Wide Open Source Science Hackathon Keynote Speech

This blog post is a slightly adapted transcript of a keynote speech I gave at the Wide Open Source Science hackathon opening session on 26 October 2018. The hackathon was co-organised by IT Center for Science CSC, National Library of Finland, Helsinki Think Company, and University of Helsinki, my employer. The views expressed in the speech are my personal opinions.

Openness as the foundation of responsible science

Examples of successful applications and challenges of open science

You are all familiar with the thought experiment “If a tree falls in the forest and no one is around to hear, does it make a sound?”. 

Let’s try an updated version: “If a research result is disseminated only through a paywalled journal, with subscription fee so high, even an Ivy League university struggles to pay it, with a long embargo for parallel archiving, and data as a non-machine-readable supplement, does that research make a sound?”.  

Sure it does. It makes a dull thump, when people hit that paywall.


It didn’t use to be that way. Scientific journals are the original open science. The first ones, the French Journal des sçavans and the English Philosophical Transactions of the Royal Society, were founded in 1665. Before journals, scientific discoveries were revealed in correspondence with colleagues or at society meetings.
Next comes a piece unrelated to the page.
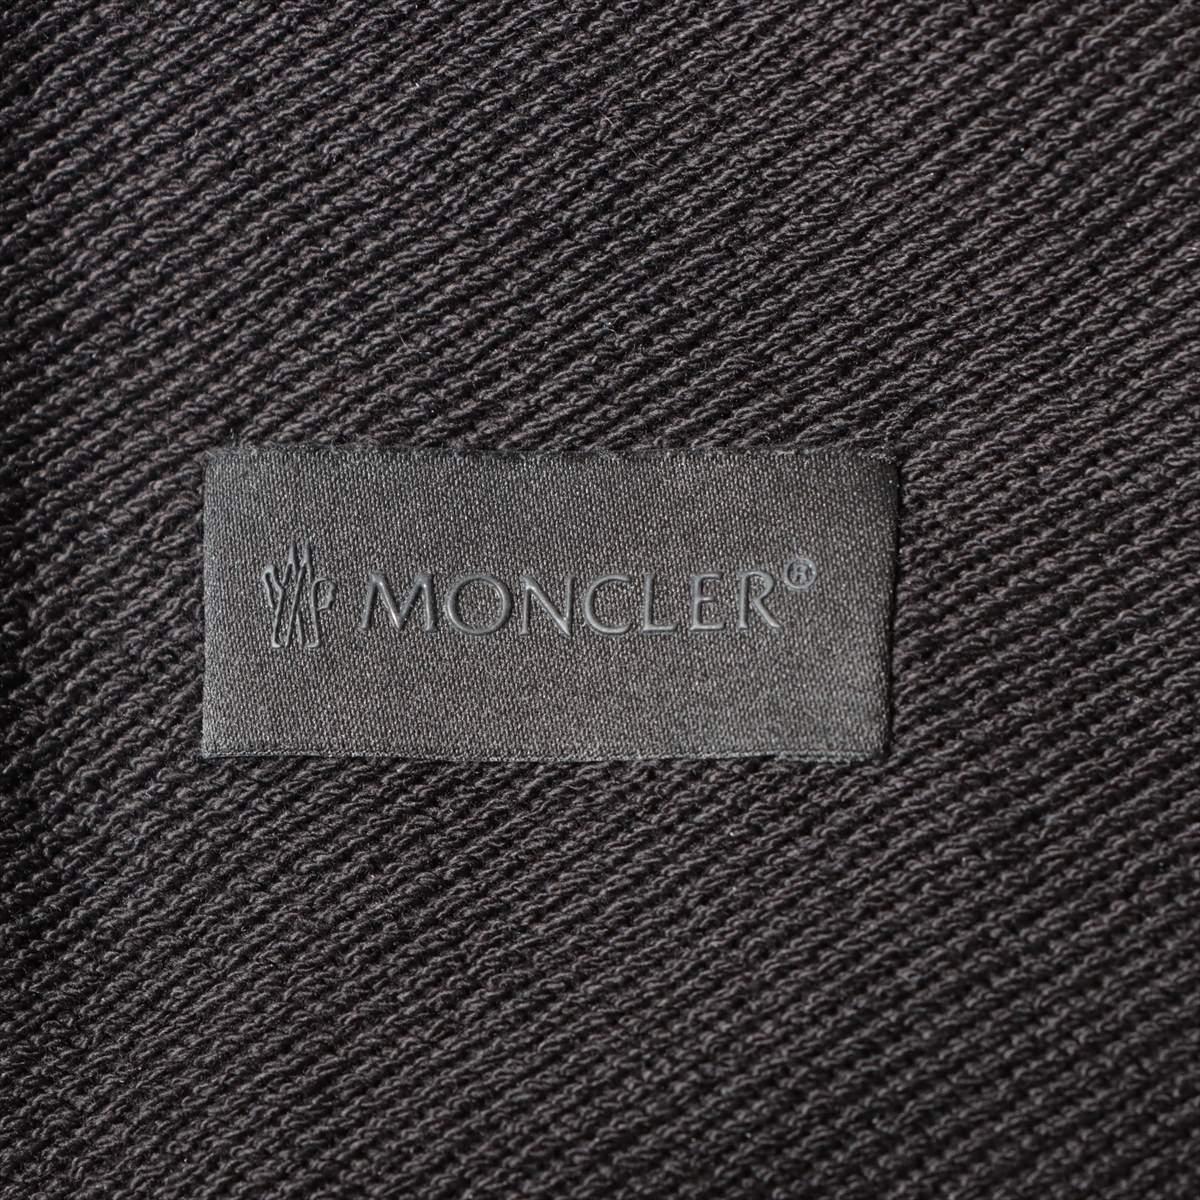 モンクレール コットン スウェットパンツ S メンズ ブラック  H20918H00015 ロゴ刺繍ほつれ 膝の生地に使用感あり

To a large extent the research community is still living the long 17th century and acting like internet and computational methods are just a minor improvement. Journals are mostly online, sure, but they are artificially keeping up the ink and paper era scarcity by toll-access, limiting the number of accepted articles, demanding a print era lay-out, and blocking text-mining with restrictive copyright and non-existent or bad API’s.

Just like in the 17th century, open science today is about updating practices to match existing technologies. Because in order to solve the grand challenges facing humanity, grandest of which is the climate change, we need to get from thump to bang.


And we need to get there, like, yesterday.

What could the 21st century solutions look like then?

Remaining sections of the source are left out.